# Canadian Supreme Court vs United States Supreme Court



## erbse (Nov 8, 2006)

I love the Canadian Supreme Court for its strange uniqueness.

Must be the first and only building where the combination of Art Deco and Canadian Chateau Style is _that_ obvious. *Geil!* kay:


----------



## Benonie (Dec 21, 2005)

erbse said:


> Must be the first and only building where the combination of Art Deco and Canadian Chateau Style is _that_ obvious. *Geil!* kay:


And the Edifice Price Tower in the city of Quebec?... 










An art deco skyscraper from 1928 with a Chateau-style roof on top, which is older than the Supreme Court.


----------



## erbse (Nov 8, 2006)

Benonie: Yeah, it follows the same pattern, but still it's not as strict beyond the roof as the Supreme Court is.

Btw, what's that building to the right in the above photo?


----------



## Benonie (Dec 21, 2005)

erbse said:


> Btw, what's that building to the right in the above photo?


I don't know.
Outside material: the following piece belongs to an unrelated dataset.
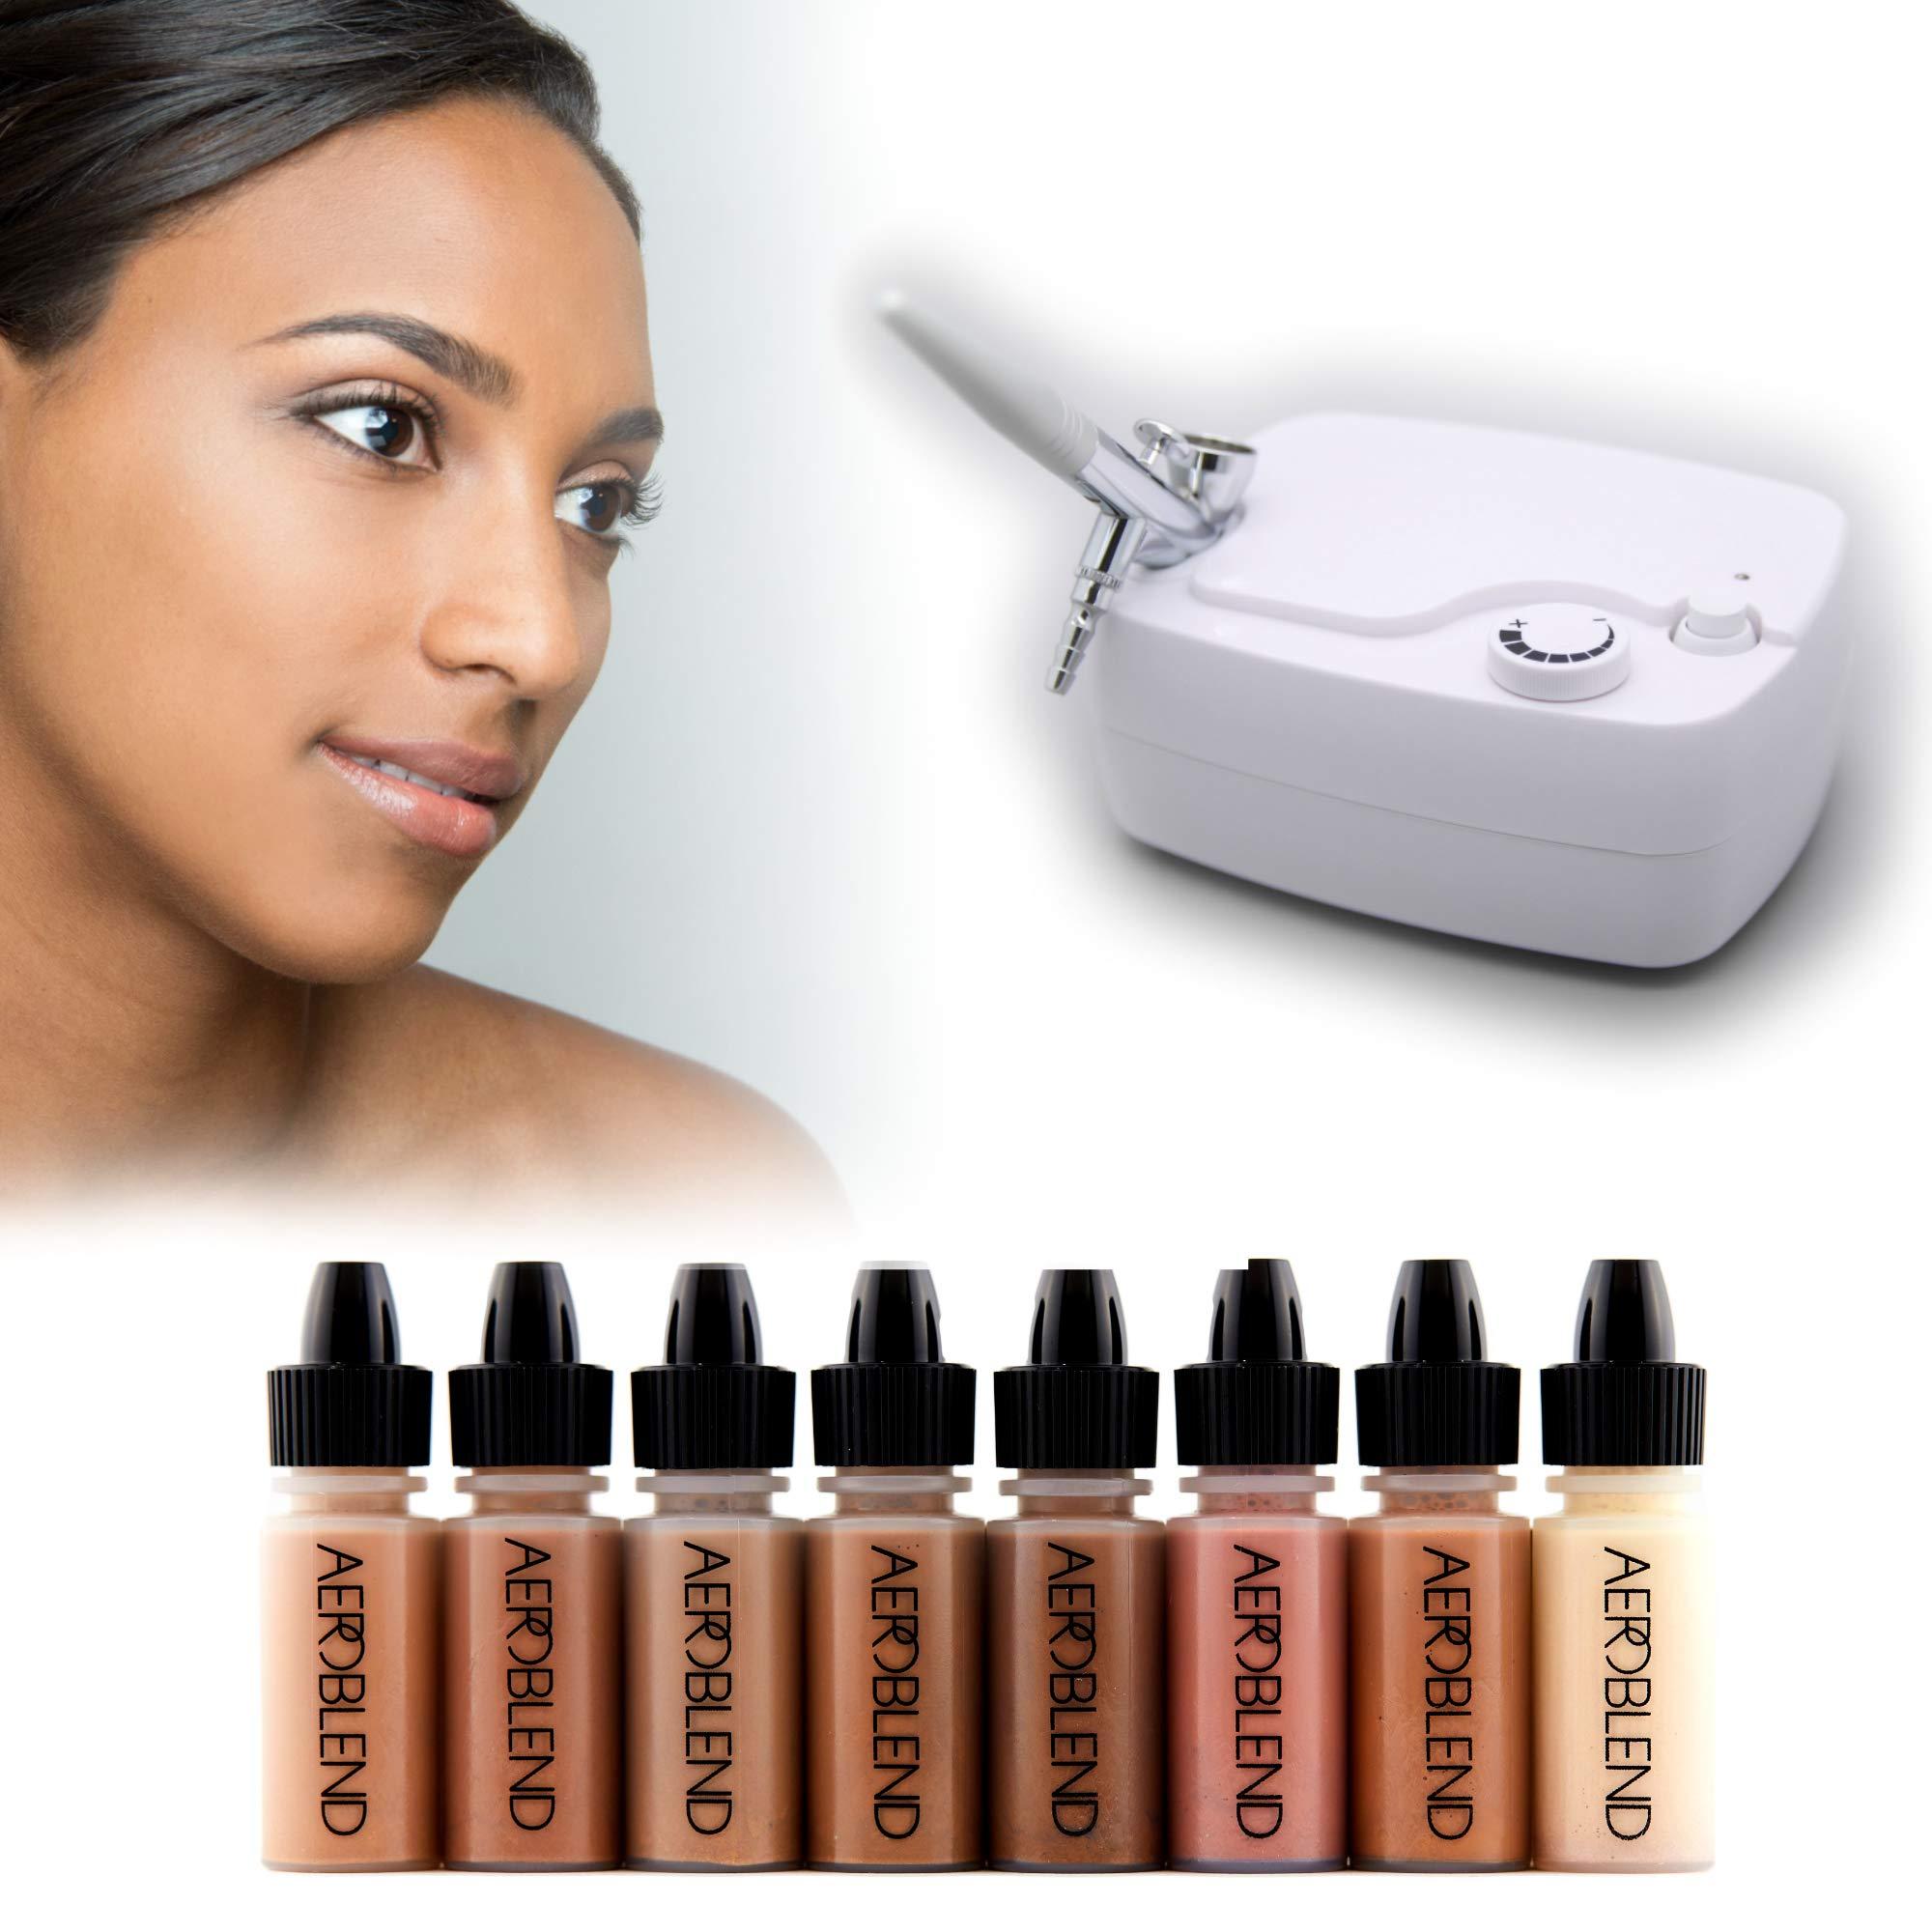 Aeroblend Airbrush Makeup Personal Starter Kit - Professional Cosmetic Airbrush Makeup System - DARK Foundation - Color Match Guarantee

Looks like a gouvernement building. Maybe Canadian citizens know more about it?


----------



## Galro (Aug 9, 2010)

It's Quebec city hall.


----------



## master-chivas (Oct 31, 2011)

both are pretty ordinary ... still US is better


----------



## CF221 (Mar 17, 2009)

Wow. The U.S. Supreme Court building is in so many ways so much more stylish, ornate, and beautiful than the Canadian one; not to mention imposing when you are standing right in front of it.


----------



## socrates#1fan (Jul 1, 2008)

Both are nice, but I prefer the US one. It is more intimidating, powerful, and shows the strong Western cultural roots of the country. It says "don't **** with me". Though I don't always agree with what happens behind its walls, I love the building.


----------



## sweet-d (Jul 20, 2010)

USA!


----------



## ThatOneGuy (Jan 13, 2012)

Dammit. I really like both. But I guess I'd have to choose America's building since I love Greek-style pillars.


----------



## anak_mm (Apr 8, 2011)

US
it really shouts "democracy" to it & with all the carved figures looking like the "protectors of justice"


----------



## Taller Better (Aug 27, 2005)

They are surprisingly close in the voting! I have not voted yet....


----------



## KiffKiff (Feb 7, 2012)

I prefer the US Supreme Court too.


----------



## Generacion del 80 (Feb 13, 2013)

US Supreme Court is very awesome. It is much better than the Canadian (excuse my english).


----------